─── PROVIDED DATA ───

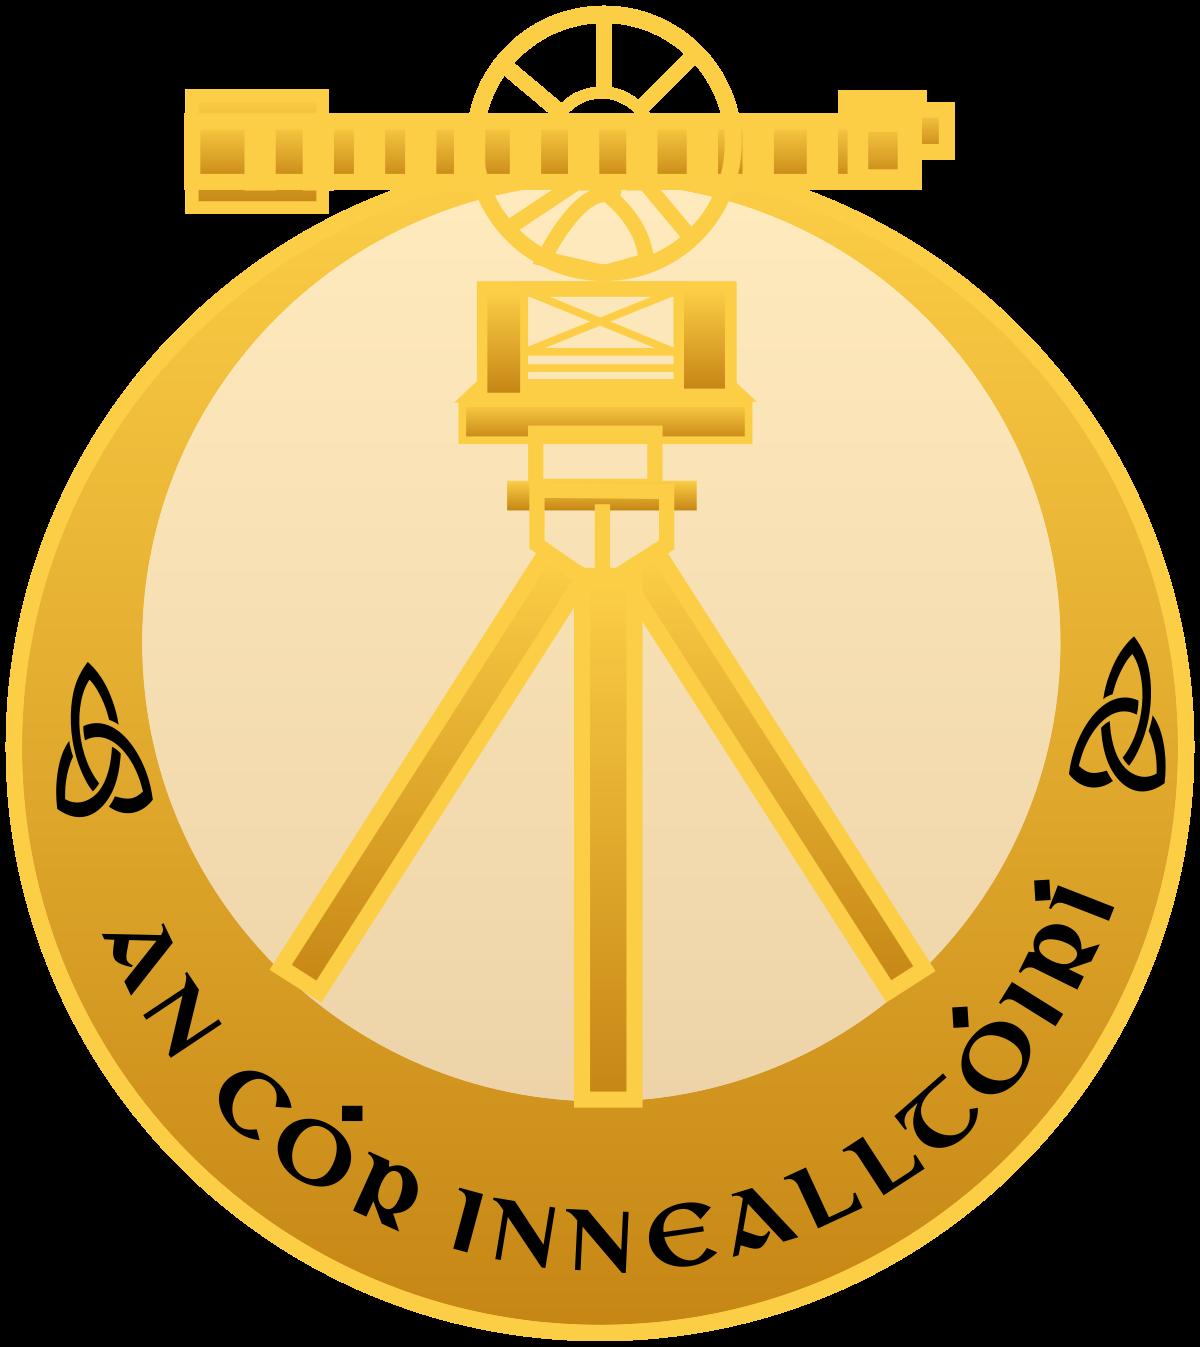 Engineer clipart group engineer. Corps of engineers ireland
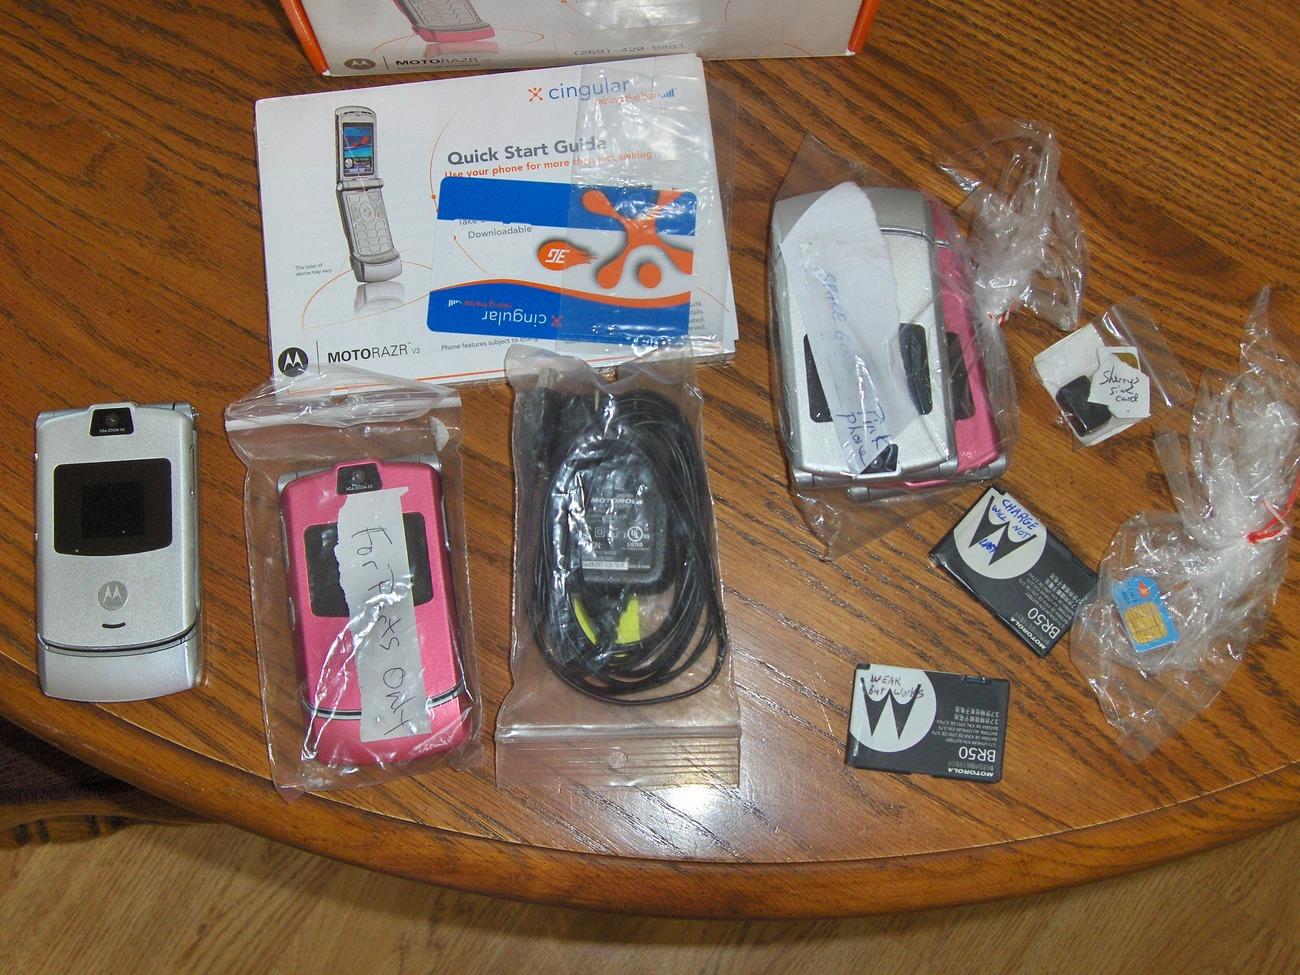 Motorola Razr Phones Parts & Case Replacements
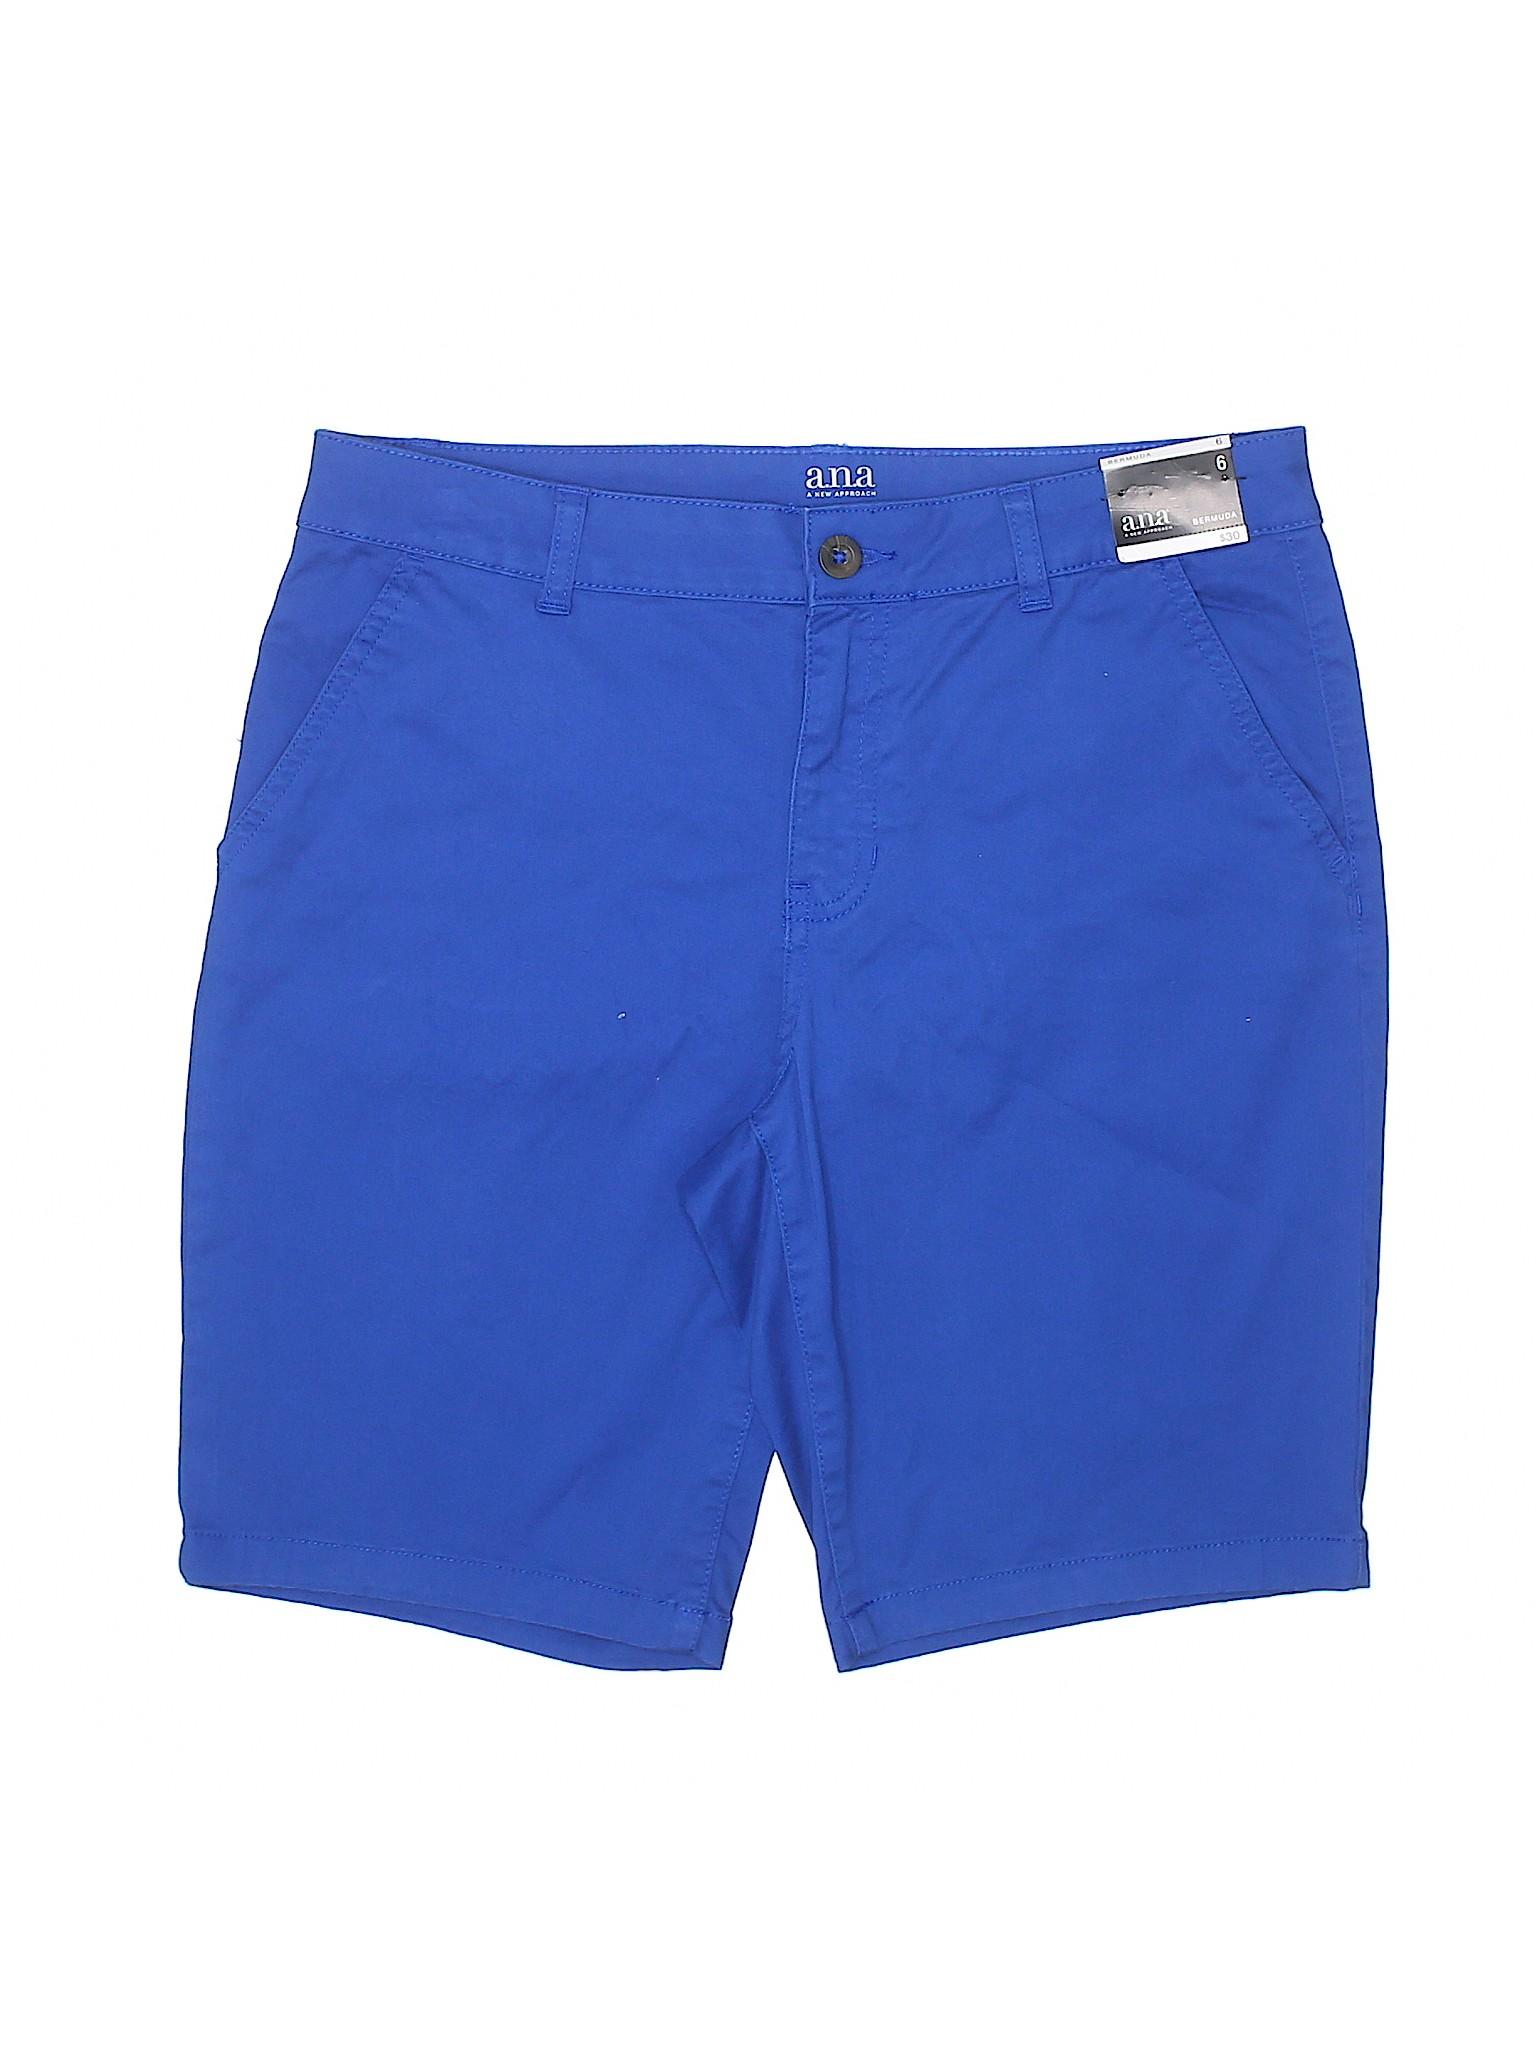 Khaki a Boutique Shorts n a New A Approach BYBwdqr
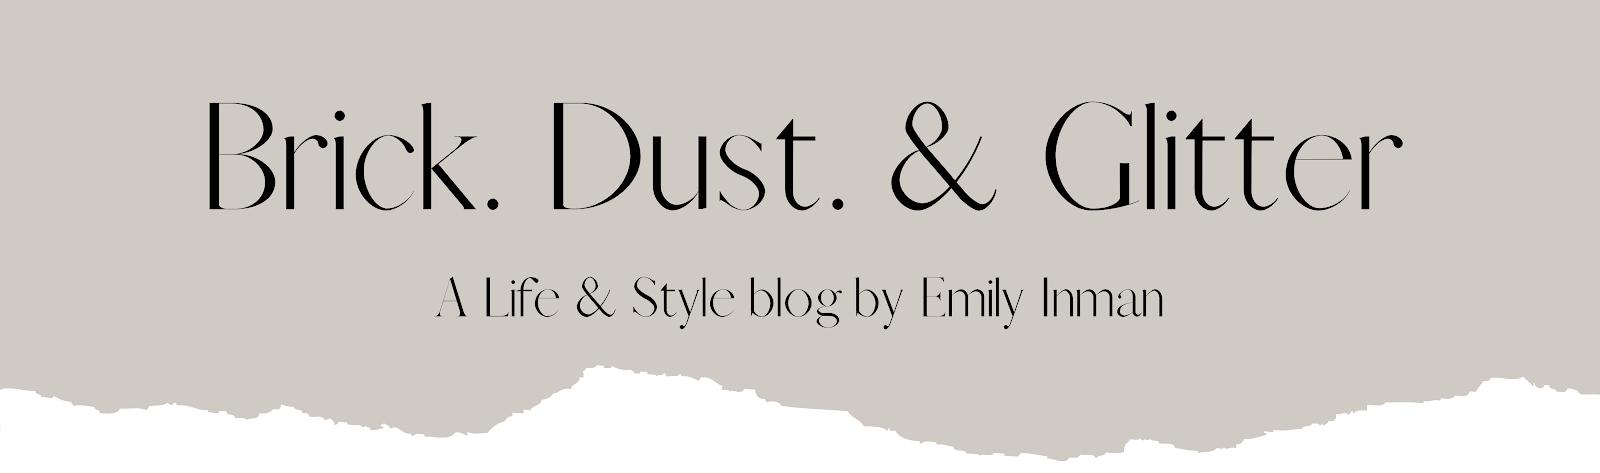 Brick Dust & Glitter

───

Could you give all of the data again exactly as written, omitting any pictures?

RESPONSE BOX
 Engineer clipart group engineer. Corps of engineers ireland
 Motorola Razr Phones Parts & Case Replacements
 Khaki a Boutique Shorts n a New A Approach BYBwdqr
 Brick Dust & Glitter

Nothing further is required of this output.